Data Analysis Using Regression and Multilevel/Hierarchical Models is a comprehensive manual for the applied researcher who wants to perform data analysis using linear and nonlinear regression and multilevel models. The book introduces a wide variety of models, whilst at the same time instructing the reader in how to fit these models using available software packages. The book illustrates the concepts by working through scores of real data examples that have arisen from the authors' own applied research, with programming codes provided for each one. Topics covered include causal inference, including regression, poststratification, matching, regression discontinuity, and instrumental variables, as well as multilevel logistic regression and missing-data imputation. Practical tips regarding building, fitting, and understanding are provided throughout. Author resource
Obviously a go-to book for multilevel modelling but far from my favourite books on statistics. First, one should pass all the sections on probability distributions and linear regression, since there is much better elsewhere on the same topic (and with R codes), such as 'An Introduction to Statistical Learning: With Applications in R'. One should then start reading this book at chapter 9. The causal inference view was very interesting and I especially enjoyed the simple R snippets on propensity scores. Yet, I remain unsatisfied, not really sure why.
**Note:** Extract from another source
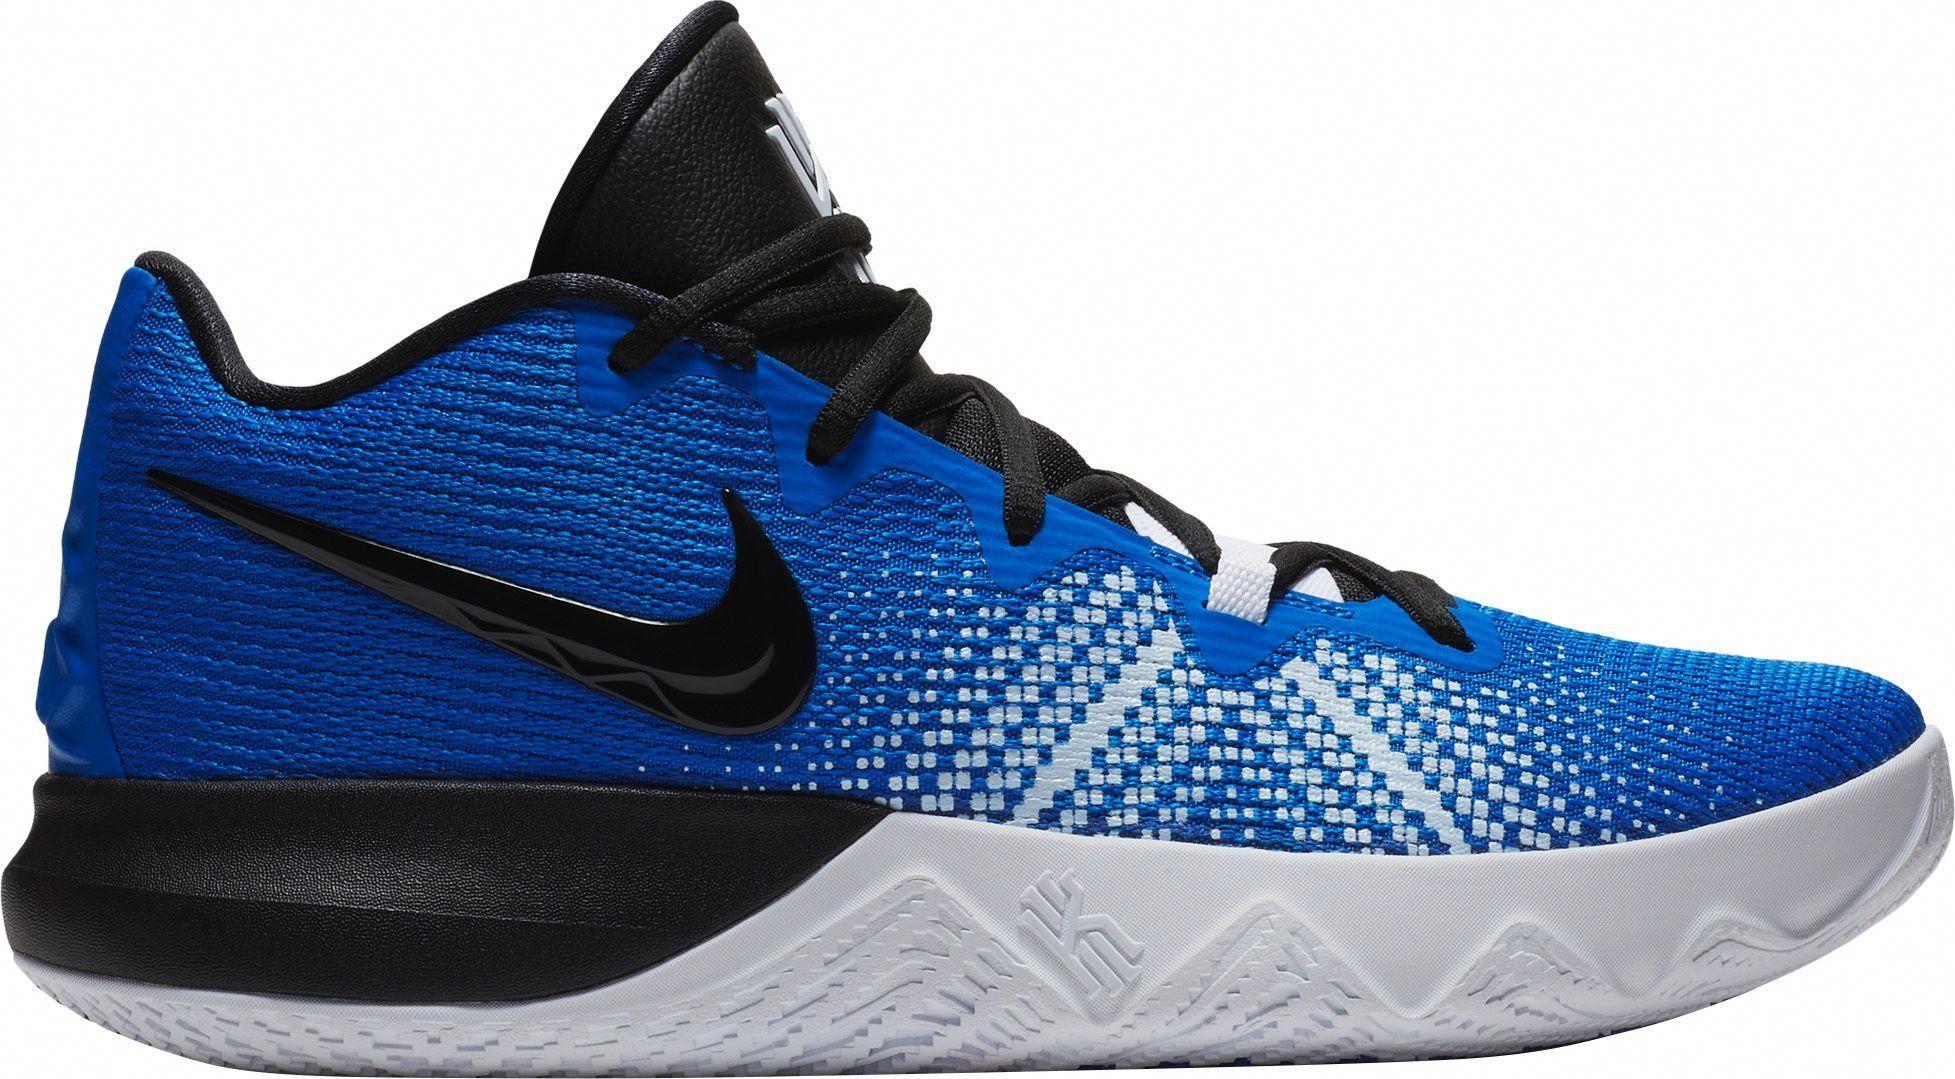 Nike hombres Kyrie Flytrap Basketball Zapatos Zapatos azul bestbasketball Zapatos Zapatos ec0fe0

This is my recommended book on multilevel models, and it's also much more than that. Even if you have no interest whatsoever in multilevel models, the first part of this book has very useful things to say about designing and interpreting experiments for causal inference, a topic which is sorely neglected in many modeling and machine learning books.
One caveat is that all the MCMC examples in this book use Bugs, which was Windows-only and is now somewhat obsolete. You should not actually use Bugs, but rather JAGS instead, which is mostly syntax-compatible.
Now I feel the gravity of names Gelman and Hill. I thank them for sharing their thinking processes with detailed examples. It was not an easy read, it took a very long time, I skipped many details, and sometimes needed my patience. It was rewarding as much as it was challenging to read. The book will serve as a guide to my data journey.
This is the one I recommend to people for practical regression help, and it's the one I go to when my brain stops working and I need to refresh myself on the basics of mixed-effects regression modeling. Probably the only stats book that is (a) practical and focused on reasoning about the data and model rather than "procedural" ; and (b) opinionated about how you should think about your data and modeling without being dogmatic. Detractors will probably say there's not enough rigorous theory or that the R code examples aren't exactly boilerplate, but the whole point of the book is to provide a foundation for reasoning about data rather than the former or latter. It's focused, with very little extraneous information and avoids spending too much time on narrow technical details that are not generalizable to practical data analysis. Overall, highly accessible and probably the best textbook I use for basic statistical modeling.
A good comprehensive survey of the topics. But, different sections assume different levels of background knowledge, from nearly nothing to grad-level statistics theory. I like their views on the relative importance of modeling vs. hypothesis testing, and in particular the emphasis on graphs/visualization. Also like the use of R/lmer and BUGS, and am sympathetic to their somewhat critical view of the terminology of mixed-effects models, despite the close connection to their preferred Bayesian view.
This is my favorite statistics book, written by a former professor at the Columbia stats department. Its my number 1 reference book on my desk at work.
Lots of coding examples with R in applied contexts. Great with interpreting model results, model building, and running diagnostics. Limited matrix alegebra is a plus for those of us who arent very interested in the proofs. For quantitative social science stuff if I had to pick one book this would be it.